La normativa richiamata, (articoli 11 e 12 del D.P.R. 24 luglio 1996 n. 503, recanti norme per le eliminazioni delle barriere architettoniche negli edifici, spazi e servizi pubblici e articolo 381 del D.P.R. 16 dicembre 1992 n. 492, recante il regolamento di esecuzione e di attuazione del nuovo codice della strada), prevede, infatti, per i titolari del contrassegno unicamente l’esonero dai limiti temporali nelle aree di parcheggio a tempo determinato e dai divieti e limitazioni della sosta disposti dall’autorità competente.

L’obbligo di pagamento di una somma è, invece, cosa diversa dal divieto o limitazione della sosta come confermato dall’articolo 4 del codice della strada, (per il quale l’ente proprietario della strada può vietare o limitare o subordinare al pagamento di una somma il parcheggio o la sosta dei veicoli), che li considera alternativi. Né ha fondamento invocare a sostegno di una diversa interpretazione – precisano ancora i giudici di legittimità – l’esigenza di favorire la mobilità delle persone disabili.

Dalla gratuità – anziché onerosità come per gli altri utenti – della sosta deriva, infatti un vantaggio meramente economico, non un vantaggio in termini di mobilità, la quale è favorita dalla concreta disponibilità – piuttosto che dalla gratuità – del posto dove sostare.
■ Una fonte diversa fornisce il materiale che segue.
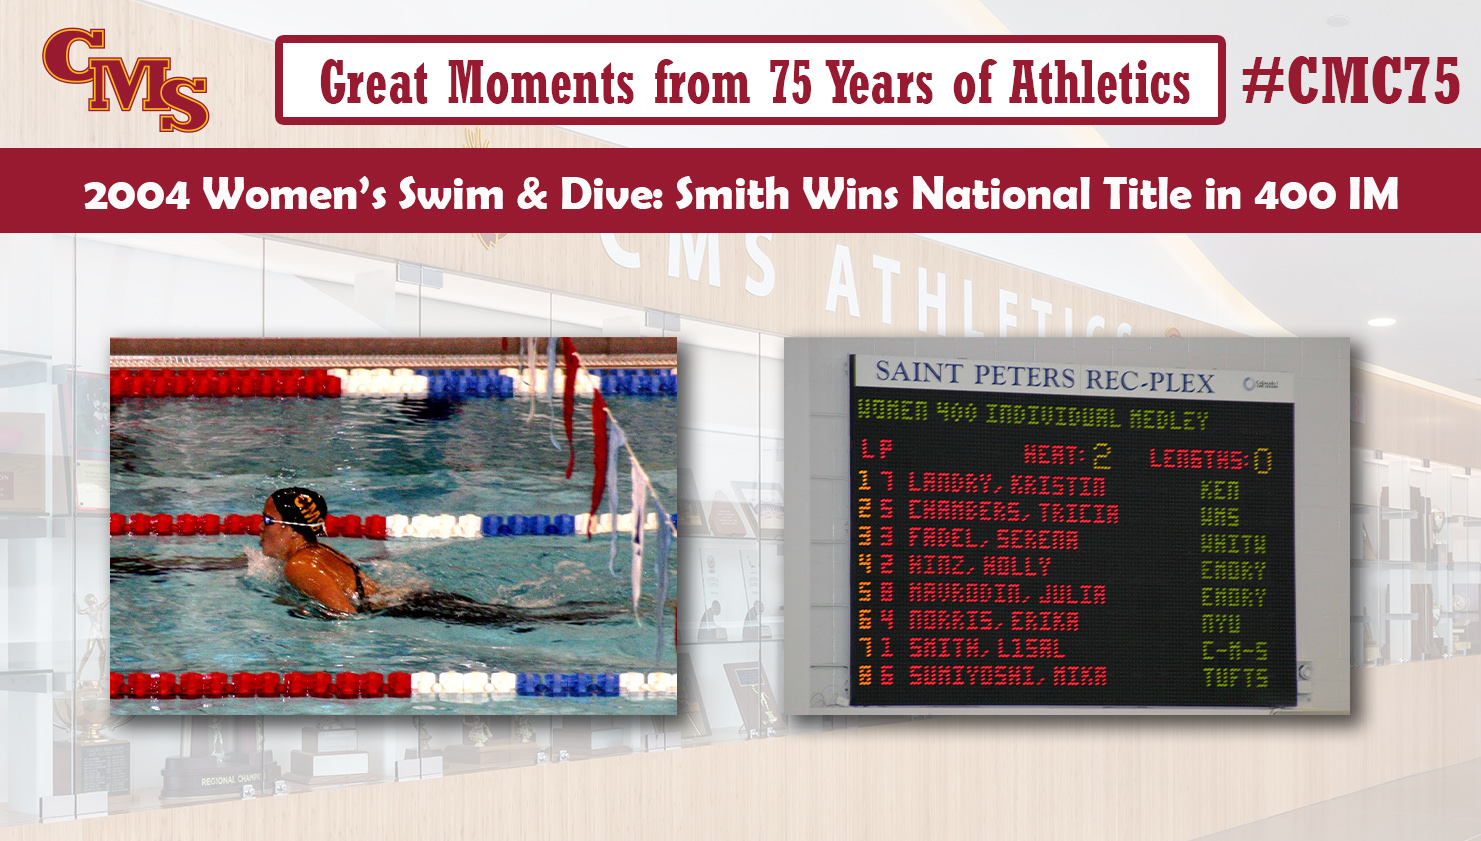 Lisal Smith in action in the 400IM and the scoreboard showing she won. Words over the photo read: Great Moments from 75 Years of Athletics, 2004 Women's Swim & Dive: Smith Wins National Title in 400IM

Di conseguenza, anche in caso di disponibilità dei posti riservati, non vi è ragione di consentire, in mancanza di previsione normativa, (ancorché sia teorizzata in circolari della Pubblica Amministrazione, le quali però, non hanno valore di norme di diritto), la sosta gratuita alla persona disabile che abbia trovato posto negli stalli a pagamento.